By integrating both sides of $(2)$ over $[1,x]$ we have:
$$\psi(x)-\psi(1)=1+\log x-\frac{1}{x}-\int_{0}^{+\infty}\frac{\{y\}}{(1+y)^2}\,dy+\int_{0}^{+\infty}\frac{\{y\}}{(x+y)^2}\,dt$$
which simplifies to:
$$\psi(x) = \log x-\frac{1}{x}+\int_{0}^{+\infty}\frac{\{y\}}{(x+y)^2}\,dy.\tag{3}$$
The integral in the RHS of $(3)$ is clearly positive, so we just need to prove that $\frac{1}{2x}$ is an upper bound for it. This follows from the fact that $\{y\}-\frac{1}{2}$ is a $1$-periodic function with mean zero. 

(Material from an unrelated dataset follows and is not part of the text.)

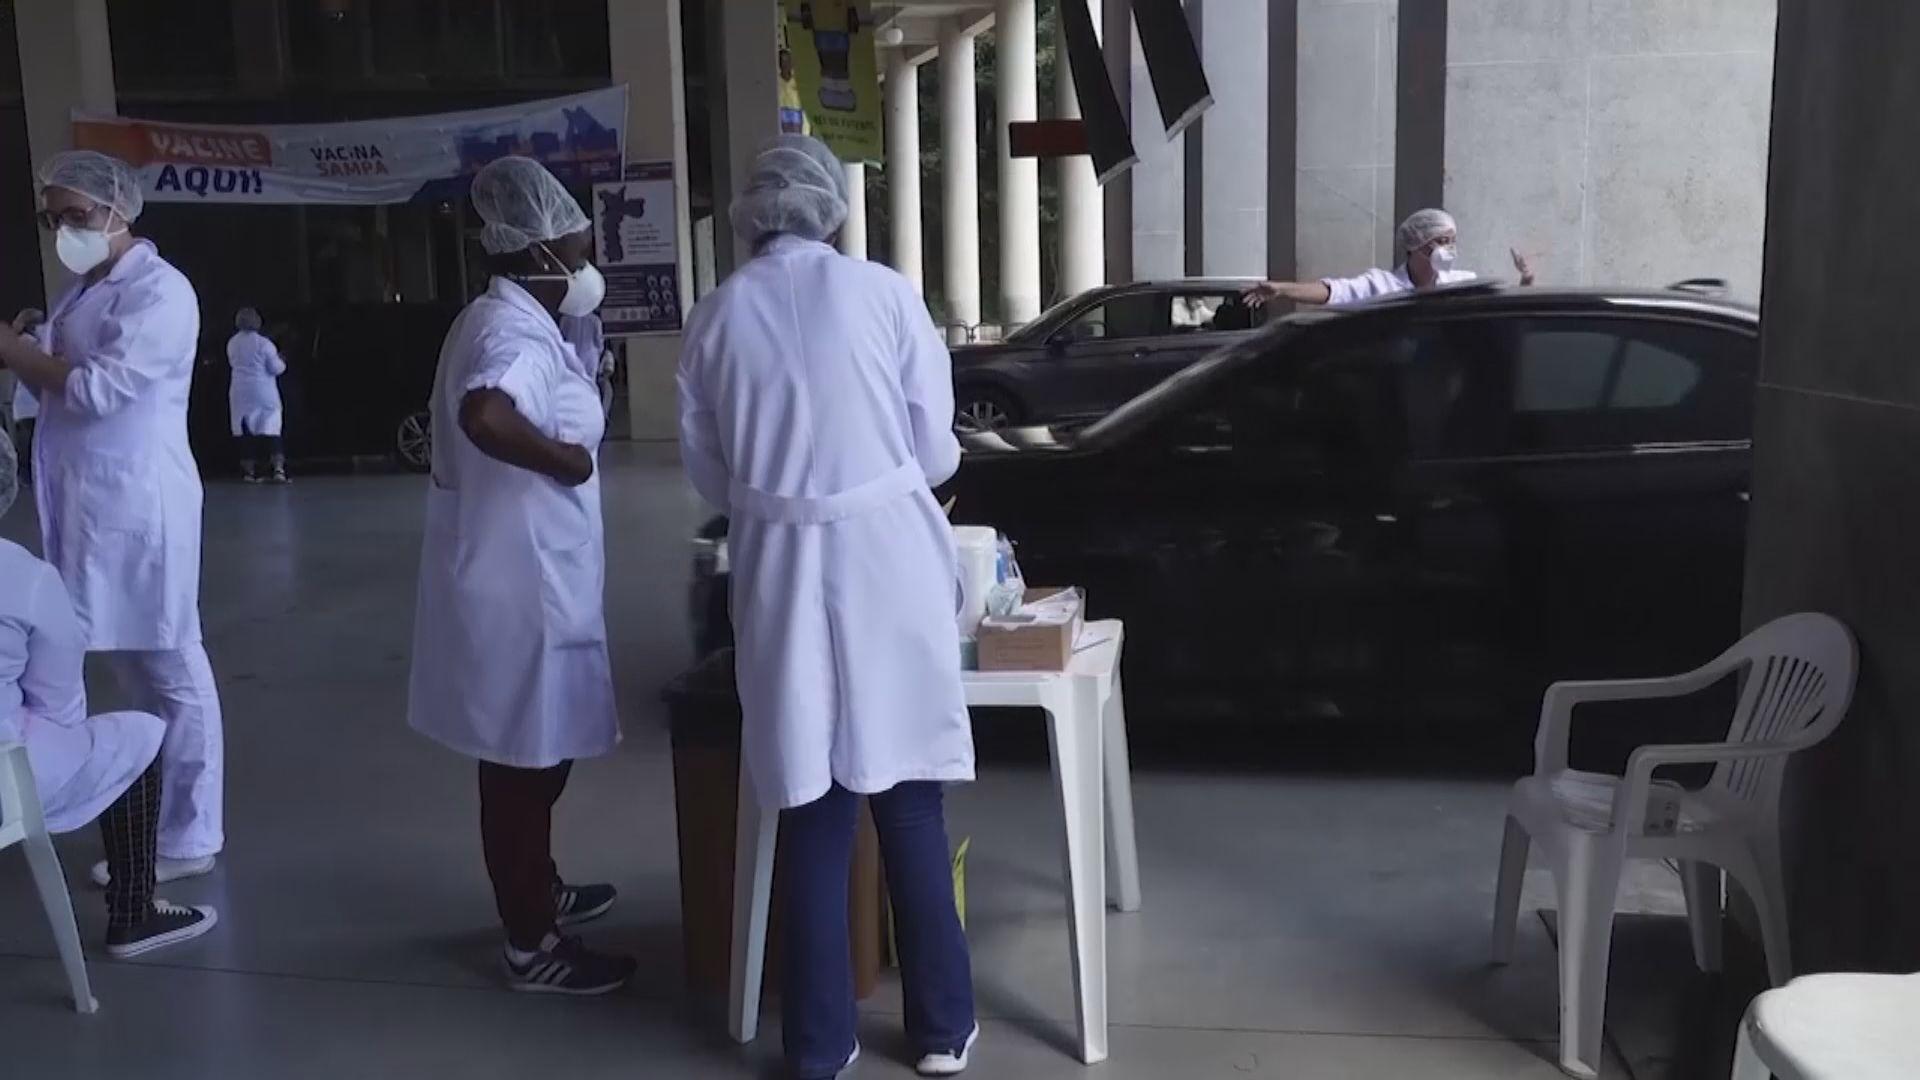 巴西疫情嚴峻 聖保羅州周六進入紅色警戒狀態
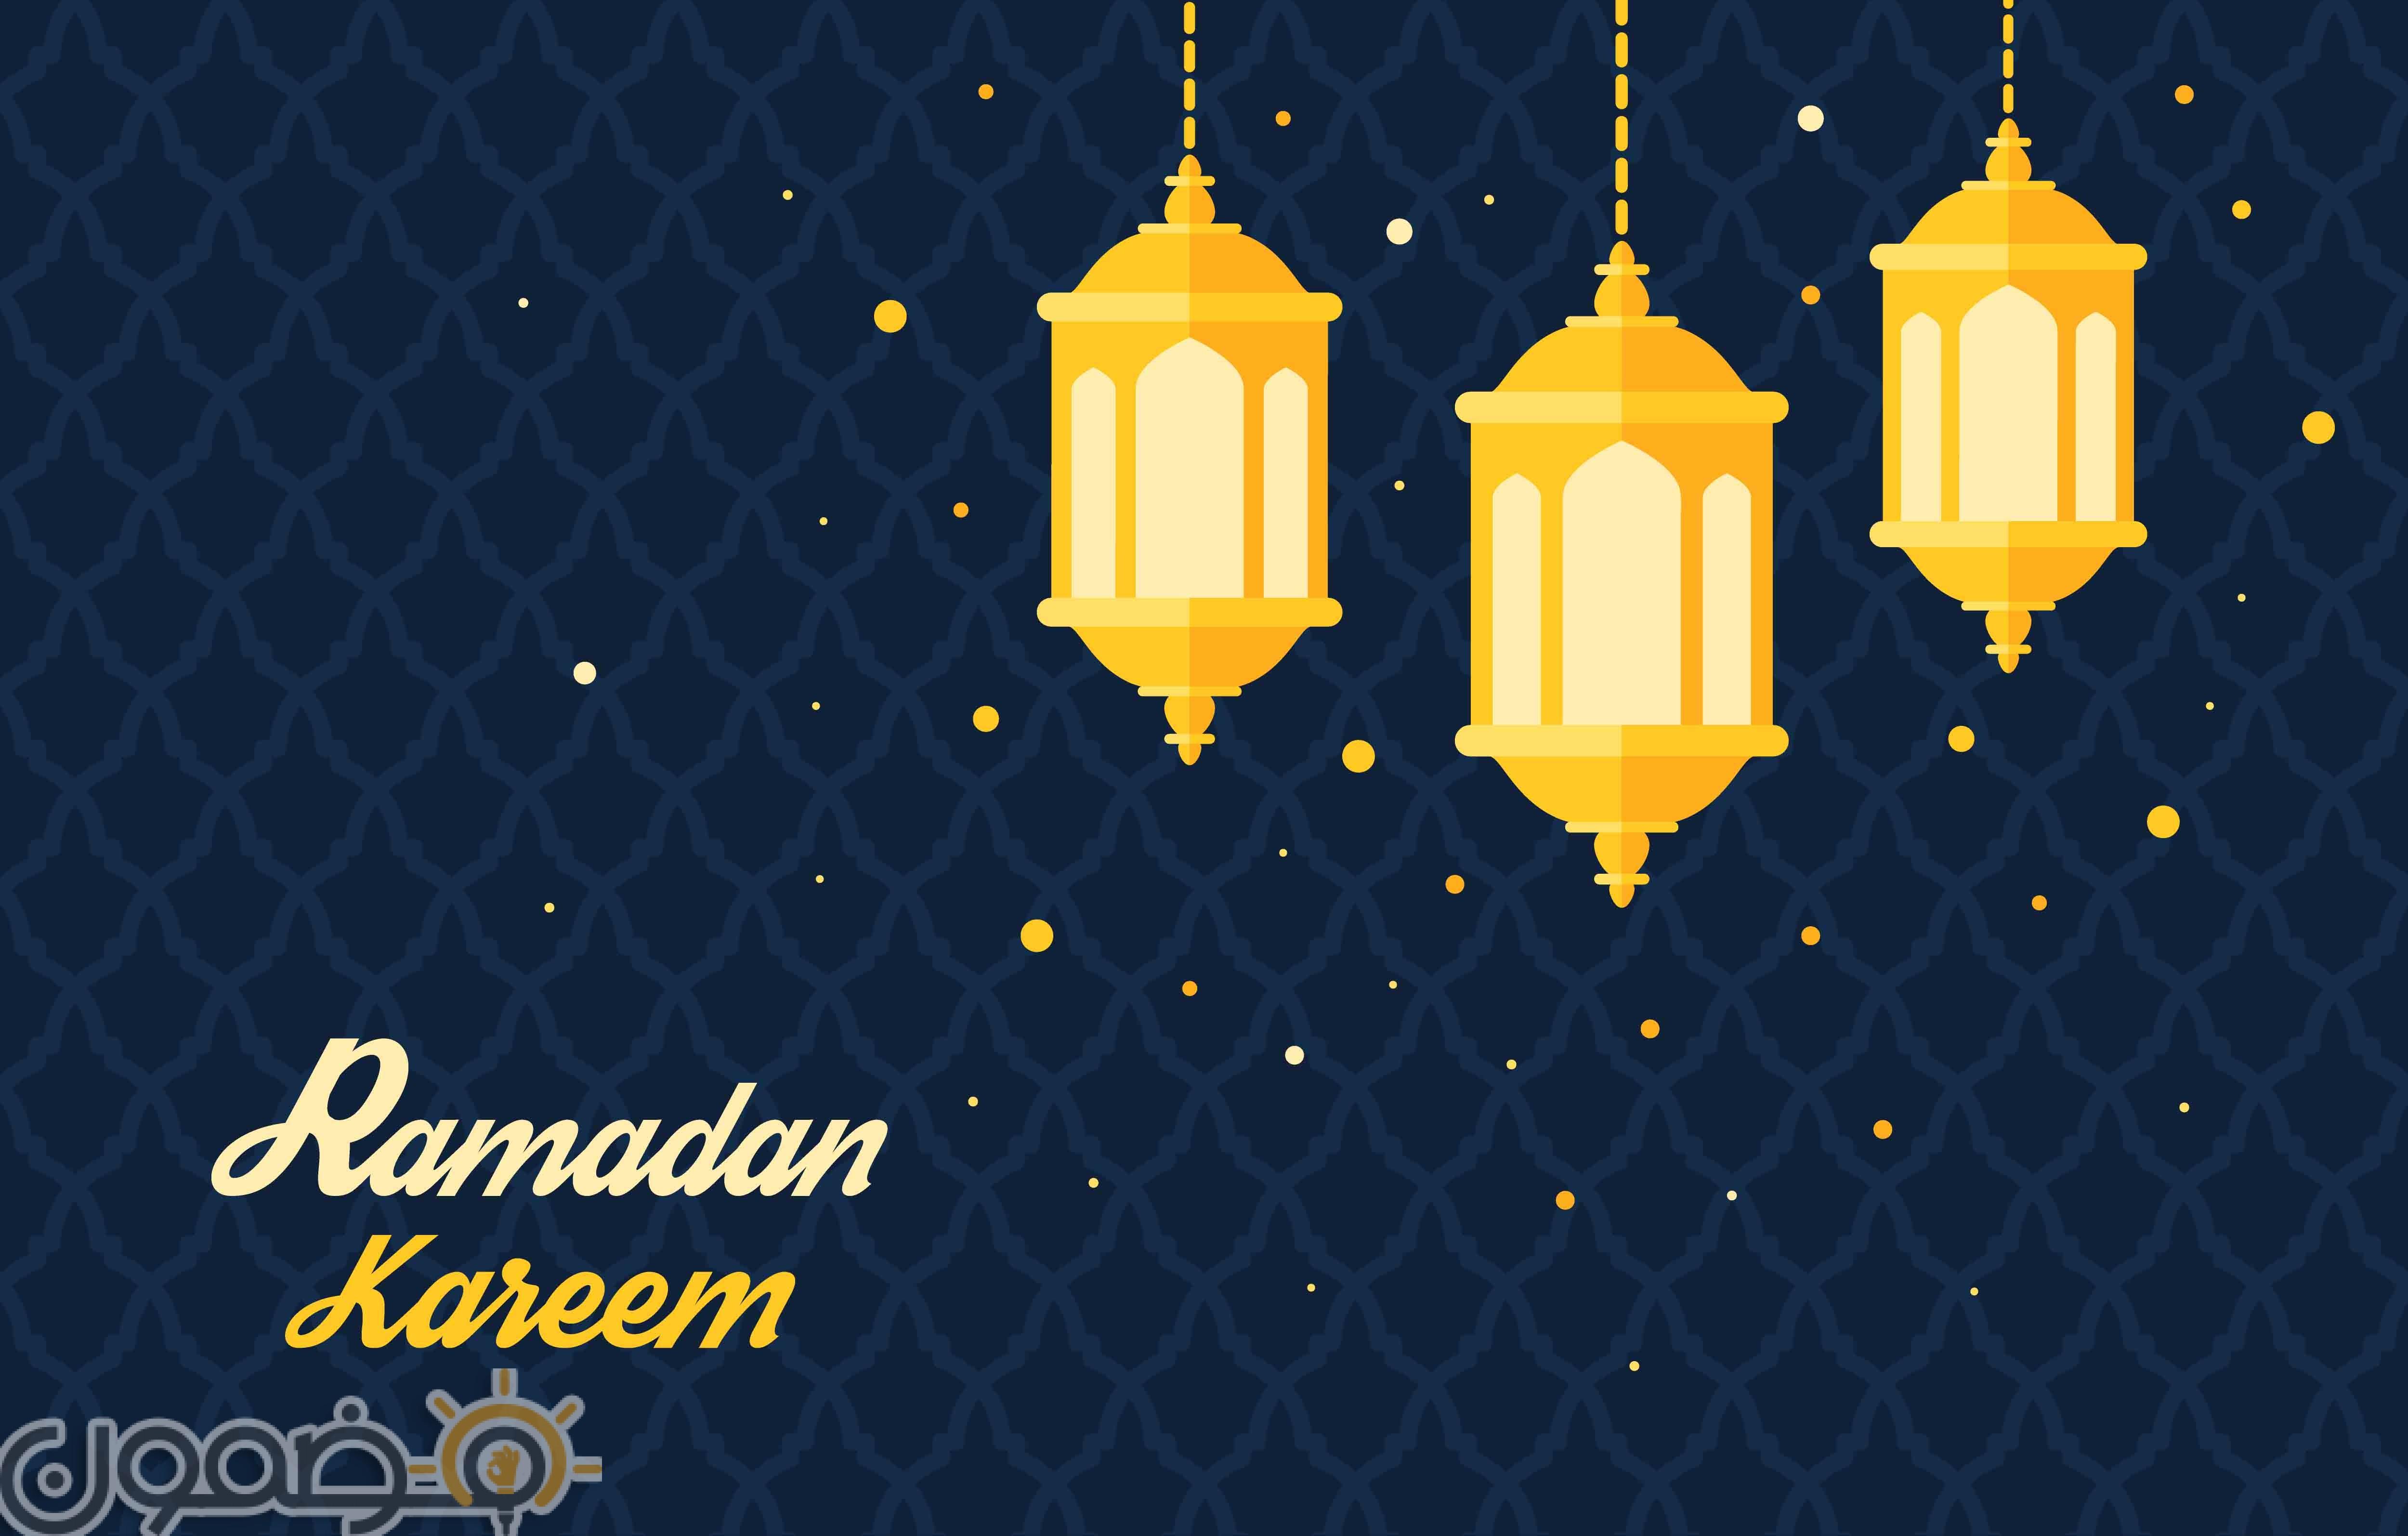 خلفيات رمضان كريم 5 خلفيات رمضان كريم لسطح المكتب

By considering the Fourier sine series of $\{y\}-\frac{1}{2}$ over $[0,1]$ we have:
$$ \int_{0}^{+\infty}\frac{\{y\}}{(x+y)^2}\,dy = \frac{1}{2x}-\frac{2}{\pi}\sum_{k=1}^{+\infty}\int_{0}^{+\infty}\frac{\sin(2\pi k y)}{k(x+y)^2}\,dy\tag{4}$$
and every term in the last sum is positive since $\sin(2\pi k y)$ is $\frac{1}{k}$-periodic and $\frac{1}{(x+y)^2}$ is decreasing:
$$\begin{eqnarray*}\int_{0}^{+\infty}\frac{\sin(2\pi k y)}{(x+y)^2}\,dy &=& \sum_{r=0}^{+\infty}\int_{r/k}^{(r+1)/k}\frac{\sin(2\pi k y)}{(x+y)^2}\,dy\\ &=& \sum_{r=0}^{+\infty}\int_{r/k}^{(r+1/2)/k}\sin(2\pi k y)\left(\frac{1}{(x+y)^2}-\frac{1}{(x+y+r/k)^2}\right)\,dy > 0.\end{eqnarray*}\tag{5}$$
By putting together $(3),(4)$ and $(5)$ we finally have:
$$ \log x-\frac{1}{x}\leq \psi(x)\leq \log x-\frac{1}{2x} $$
as wanted.